Walking down Sheridan Avenue in Cody, Wyoming, I was looking for a place I remembered from my childhood. It was one of those cowboy-clothing shops, and it smelled like saddle leather. It had creaky wood floors and dusty glass cases with knives and silver lighters in them.
I was also looking for the city park, where I threw a Frisbee with my friends from summer camp. It was a glorious field of grass, surrounded by tall trees, occasionally visited by crazy-looking biker people; our counselors warned us not to talk to them but also seemed to think they were kind of interesting. I did, too.

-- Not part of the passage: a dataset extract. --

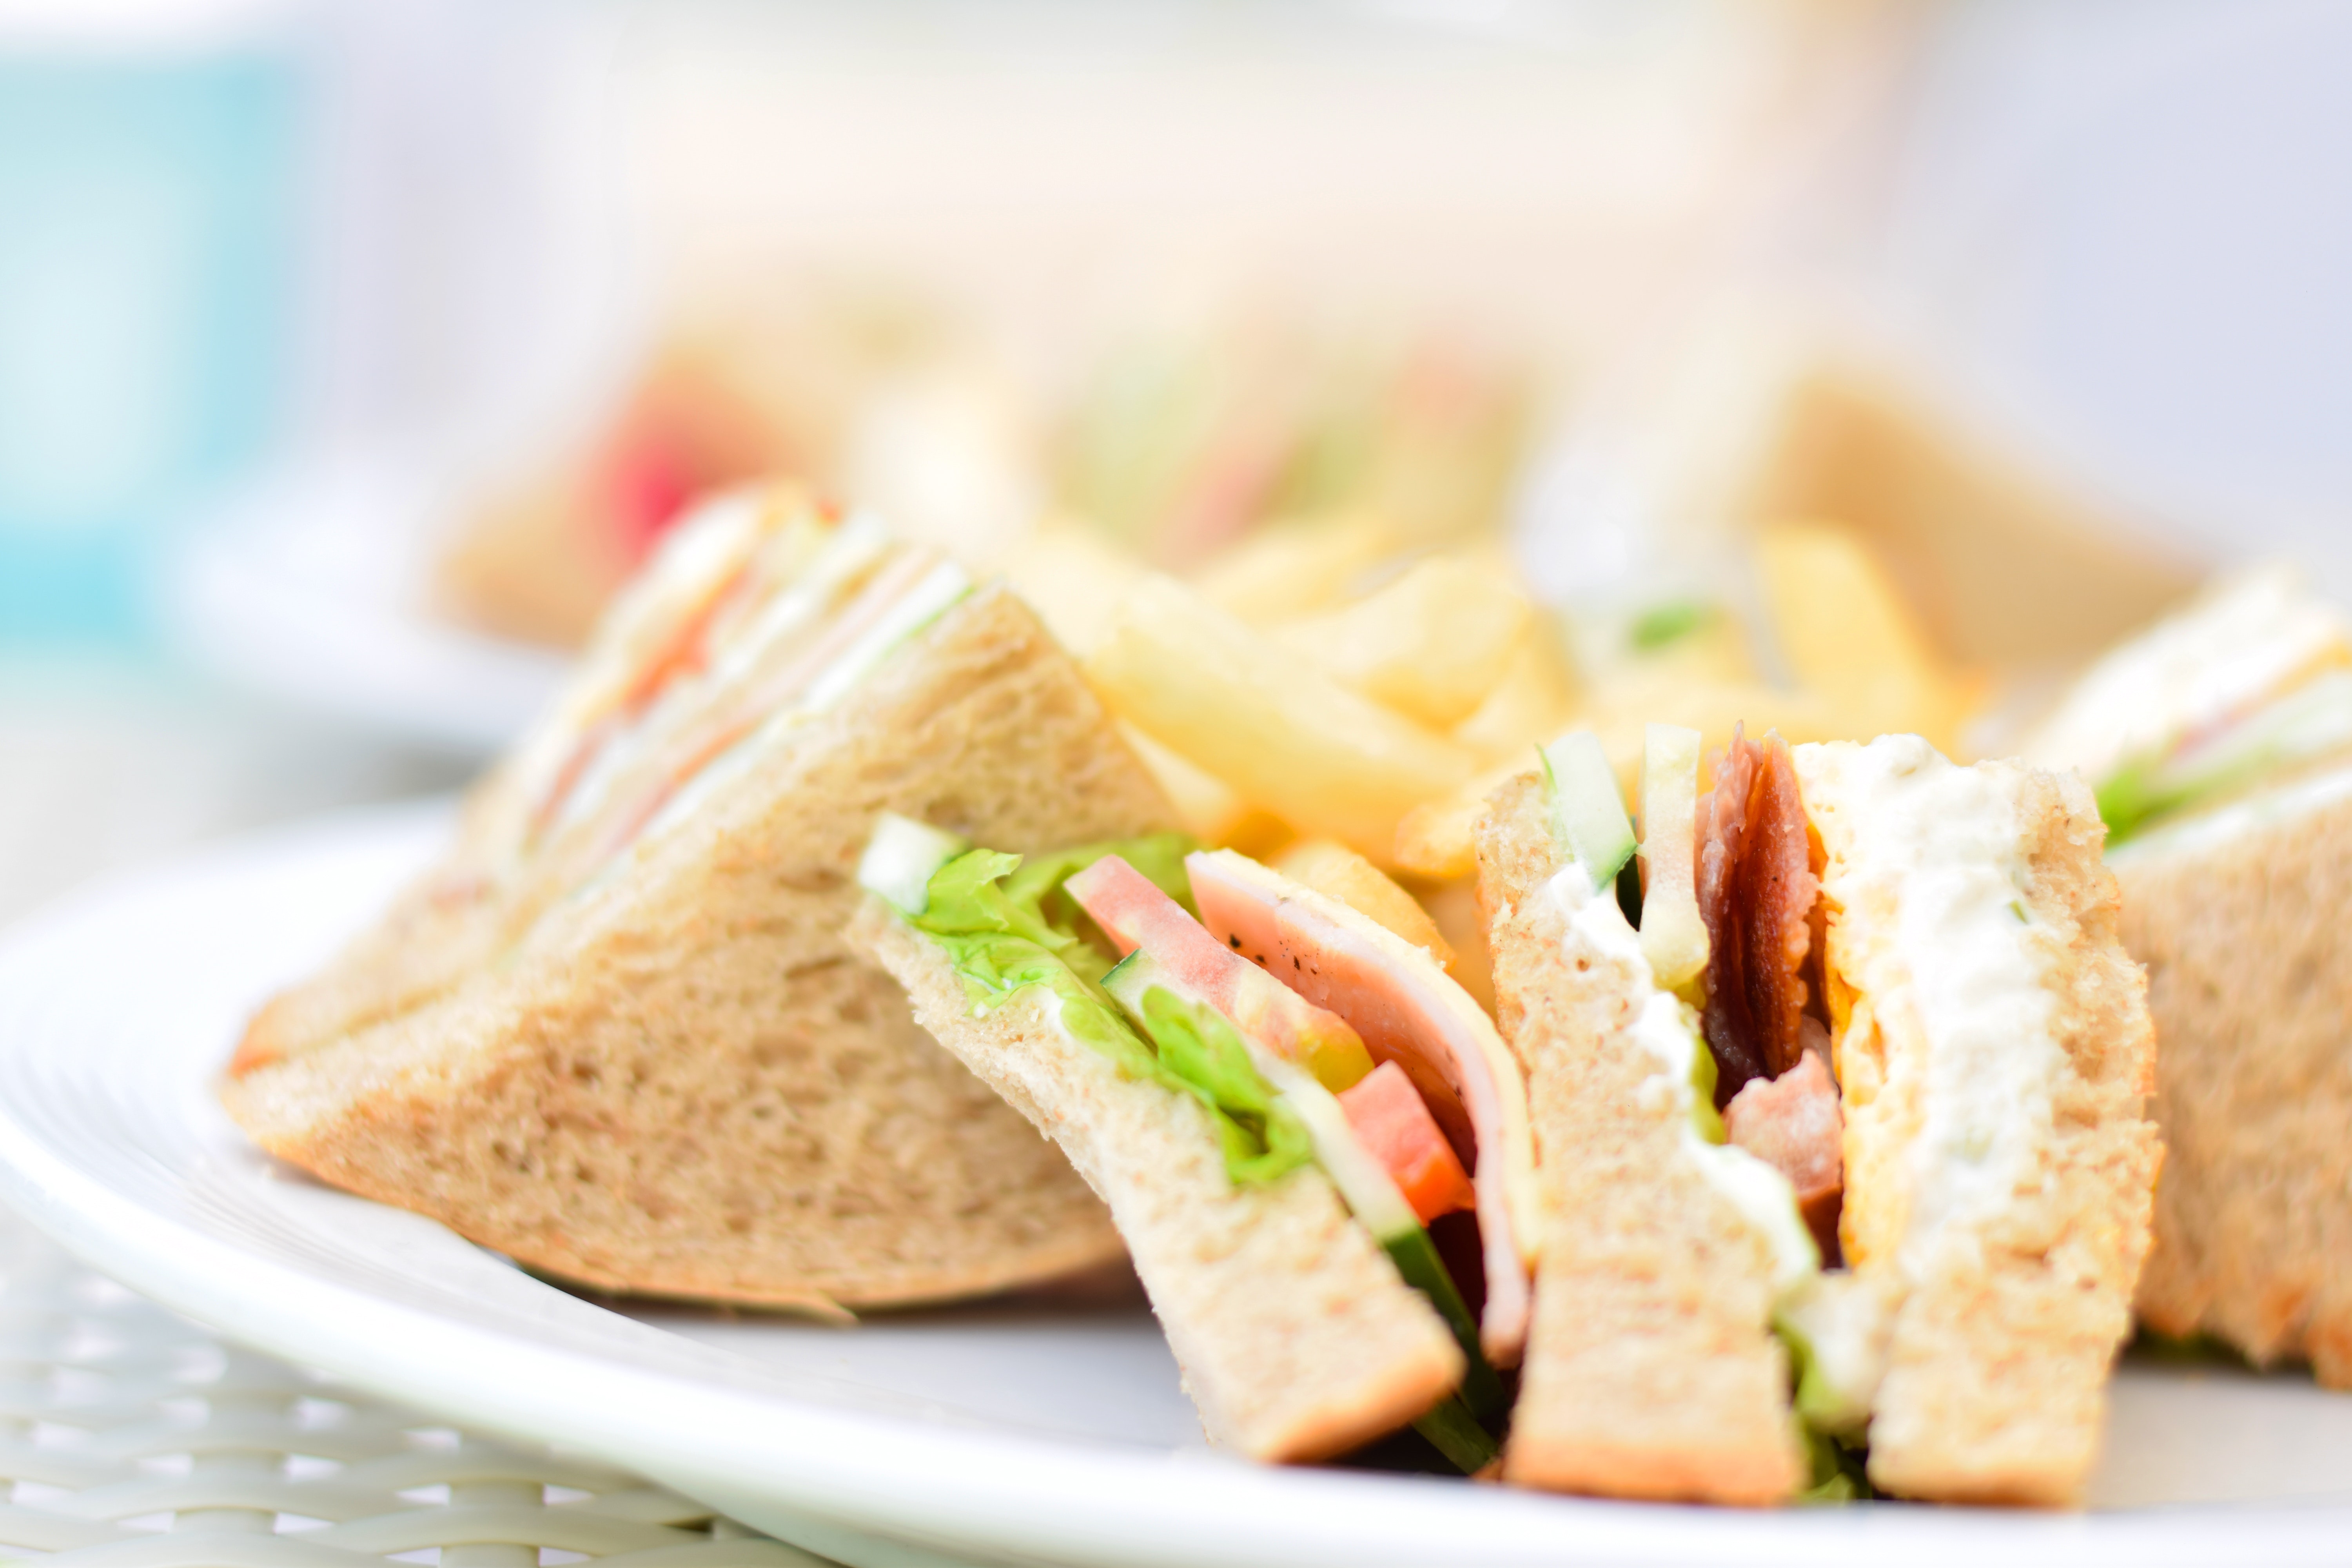 Selective focus photography of plate of sliced clubhouse sandwich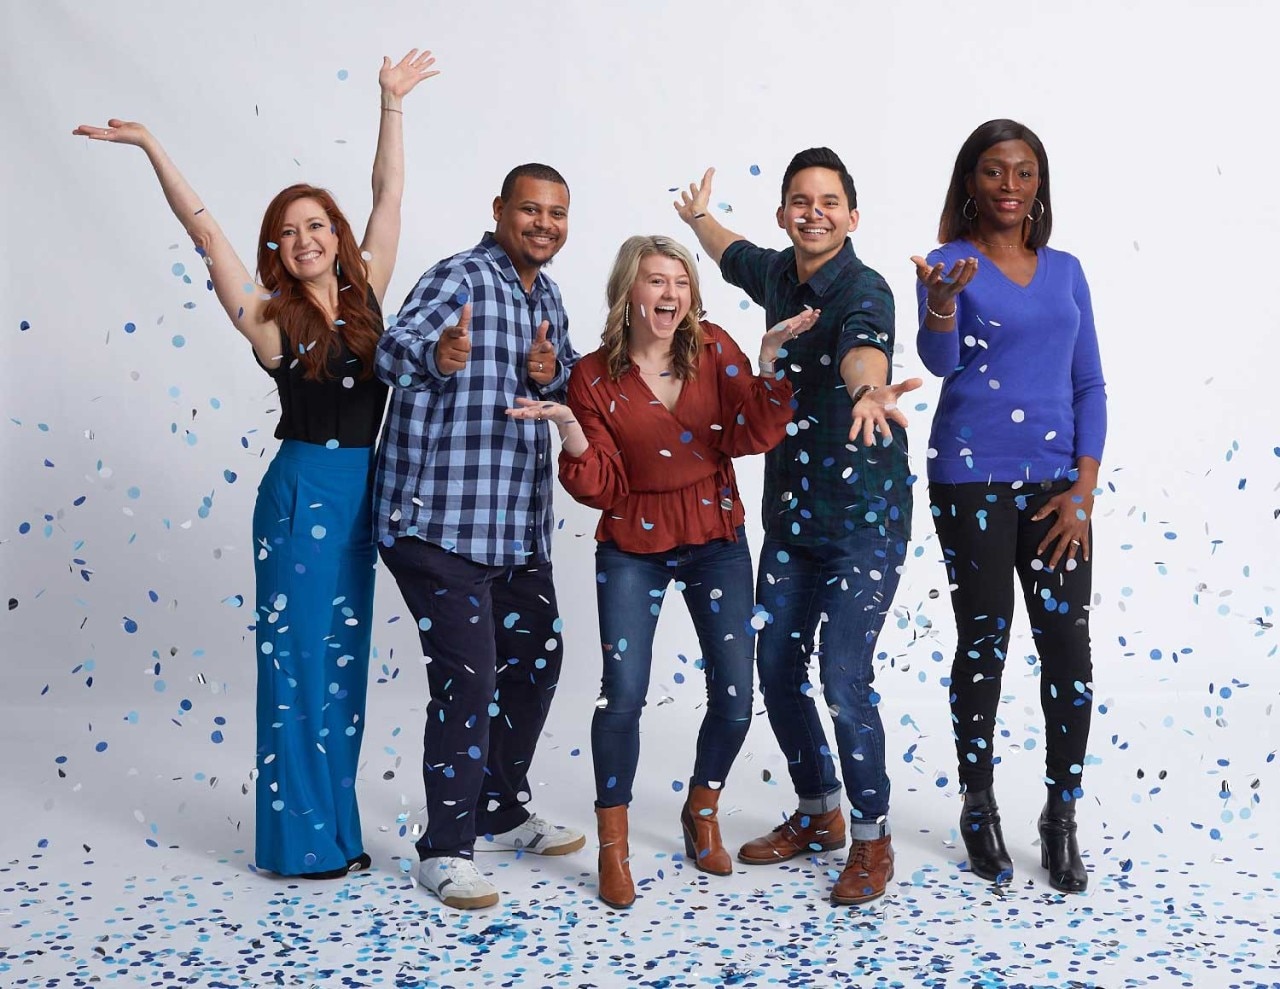 Five SAS employees celebrating with confetti shower

Most of all, I was looking for the Irma Hotel. It was the ultimate old-fashioned hotel, founded by Buffalo Bill and named for his sister. There was real magic in the lobby, with a bar that came from Queen Victoria and a breakfast that dreams are made of.
Of course, looking with 44-year-old eyes for places seen by a 12-year-old can be disorienting. I pounced on the first cowboy place I saw: the Custom Cowboy Shop. It had the right smell but had only been there since the ’80s, and the floor didn’t creak.
There were a lot more art galleries than I recall, too. And gift shops. And RVs. Were all those there before?
I caught a glimpse of the Silver Dollar Bar and Grill and remembered the horse wrangler at our camp describing it as a wild and scary place. My 12-year-old brain filed it under Adult Mystery Locations along with Bourbon Street, Las Vegas, and riverboats. Today I saw tourists eating burgers in plastic baskets. I would later learn that the Silver Dollar has a Facebook page.
I crossed the street to avoid a crowd on the sidewalk, only to find that was the line to see the gunfight show at the Irma. I ducked into the lobby and saw that breakfast had become a buffet.
That’s when it hit me: The Cody of my youth was gone, and maybe it never existed. Those creaky floors had probably been renovated, the Irma sold to who knows what developer, and the Silver Dollar just going along with the times. I went back to my car, and on my way out of town, almost drove past the city park without even noticing it.
Ah, but there’s a new Cody in my imagination today. I remembered a frontier outpost at the end of a bumpy and terrifying flight from Denver, where a shy kid from Memphis left the known world, briefly interacted with bikers and cowboys and living history, then hopped on a bus to summer camp in the mountains.
Today, Cody is a tourist hub, with plenty of hotels and restaurants, plus a village of cabins gathered from the mountains, a rodeo, and the fantastic Buffalo Bill Historical Society. Most importantly, a highway leads 50 miles west to Yellowstone National Park. All in all, this “new” Cody is doing just fine.
But here’s what I would want today’s traveler to know about Cody, Wyoming: It is smack in the middle of some of the most amazing and scenic country in the United States. Yellowstone, mobbed as it can be, is but one example.
Cody sits in the 100-mile-wide Bighorn Basin, a semi-arid plateau at 5,000 feet, surrounded by mountains. To the east are the Bighorns, which rise 8,000 feet above the plains, run 200 miles north-to-south, and have 14 peaks over 12,000 feet. There’s more than a million acres of national forest and almost 200,000 acres of protected wilderness up there. West lie the Absorakas, running 150 miles along the border of Yellowstone, with 46 mountains over 12,000 feet and more than 2.5 million acres of protected wilderness. Try to imagine five Shelby Counties: all mountains, no roads.
I remembered a dirt road leading up to the camp with a nice view from on top of a hill. Now I know that’s the Chief Joseph Scenic Highway and the 8,000-foot Dead Indian Pass. The highway is 46 winding, wonderful miles, entirely through national forest, and it connects with Montana’s Beartooth Highway, which Charles Kuralt called “the most beautiful drive in America.”
Miles upon miles filled with forests, mountains, fish, waterfalls, lakes, campsites, meadows, views, and wildlife: all of it basically just outside of this little western tourist town. And to think I was looking for an old cowboy shop that may have never existed.